Recently, there has been a global work culture emerging. International cooperation and global economic interdependence created a homogenous corporate work culture. Working in Germany, the US, England, and Amsterdam are more similar than ever before. Codes of conduct, language, training standards, and tools have all been standardized. One can do essentially the same job across country, even stay in the same company.
Now with virtual work this will only continue to become easier. Economics and social scientists theories that the new push to virtual work, will create a much more global mobile world (Research Gate).
Moving to another country has fewer hurdles than ever before. Virtual work, technological advances, and globalization are only increasing. And the recent shift to virtual work over COVID-19 has shown the world what is possible. 2019 to 2022 marked the largest increase in emigration from the US ever. Furthermore, currently, emigration is at an all-time high.
People are becoming less tied down. And increasingly, exit is becoming an option.
VIII: Looking into the future.
Americans are now able to look at moving more objectively. Like the dozens of expats I talked to in Germany, Americans are looking at the material differences between the quality of life in the US vs. other countries and making an educated policy-focused decision accordingly. The US’s political failures can no longer be masked by immobility.
Political activism and lobbying have largely failed to make a material difference. Voices of individuals are silenced in so many ways on so many levels (from party politics to corruption to general incompetence). The result is that America has infrastructure stuck in the 60s, no viable healthcare system, absurdly expensive education, high taxes, a mound of debt, growing inequality, swelling working hours, and an education system lagging behind the rest of the world.

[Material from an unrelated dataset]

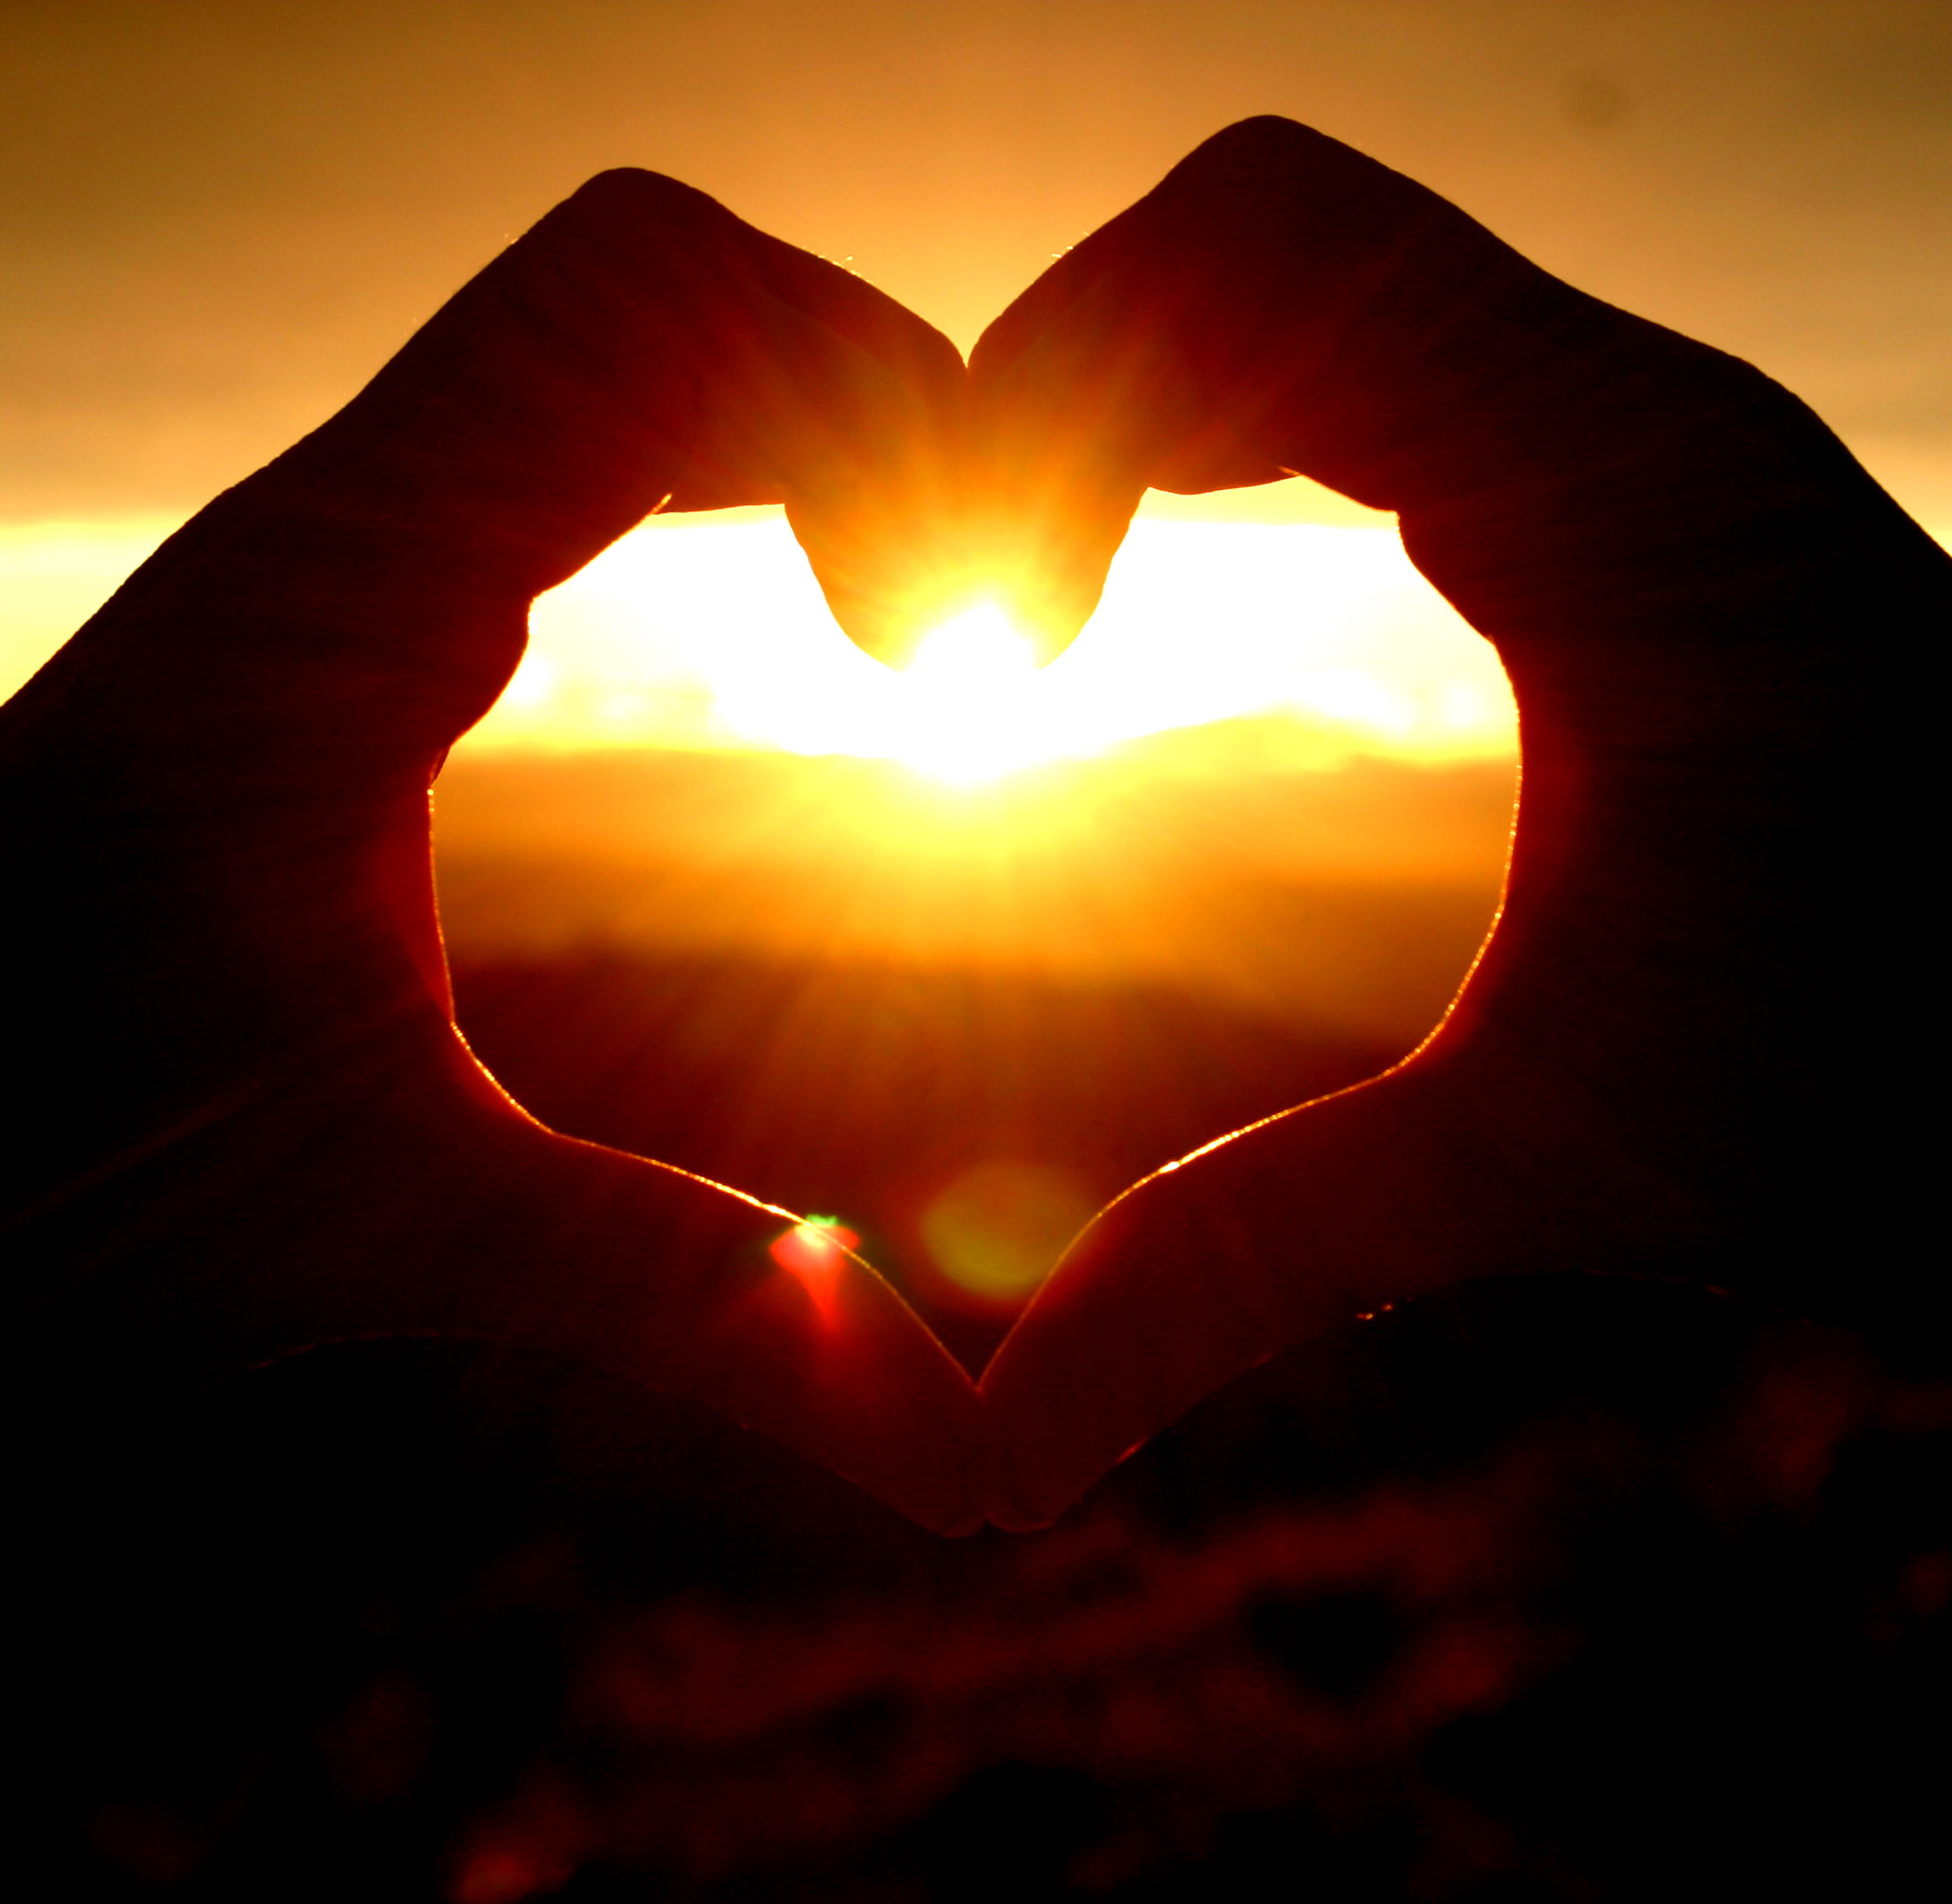 картинки солнечное сердце весьма

When faced with America’s dysfunctional political system and general misuse of public funds, Americans are seeing a new option emerge: leave. Rather than spend thousands of hours seeking to get our voices heard only to have corruption and horrendous policy-making continue, leaving seems increasingly appealing to many Americans.
America needs to start paying attention. Those leaving are educated and wealthy — the very people America wants and needs to keep. No longer can America keep people trapped within its borders. America is finally feeling the effect of financial misuse and failure to provide a good quality of life. Similarly to how the Tiebout model keeps towns on their toes, hopefully, America will see these emigration graphs as a warning and a wake-up call.
And, as the current means of civilian political action fail, increasingly, it seems an ultimatum is the only way to make meaningful change: fix your government, or we will leave, taking your economy with us. Now that voices have failed to make the necessary change, the hope is that the growing threat of exit will.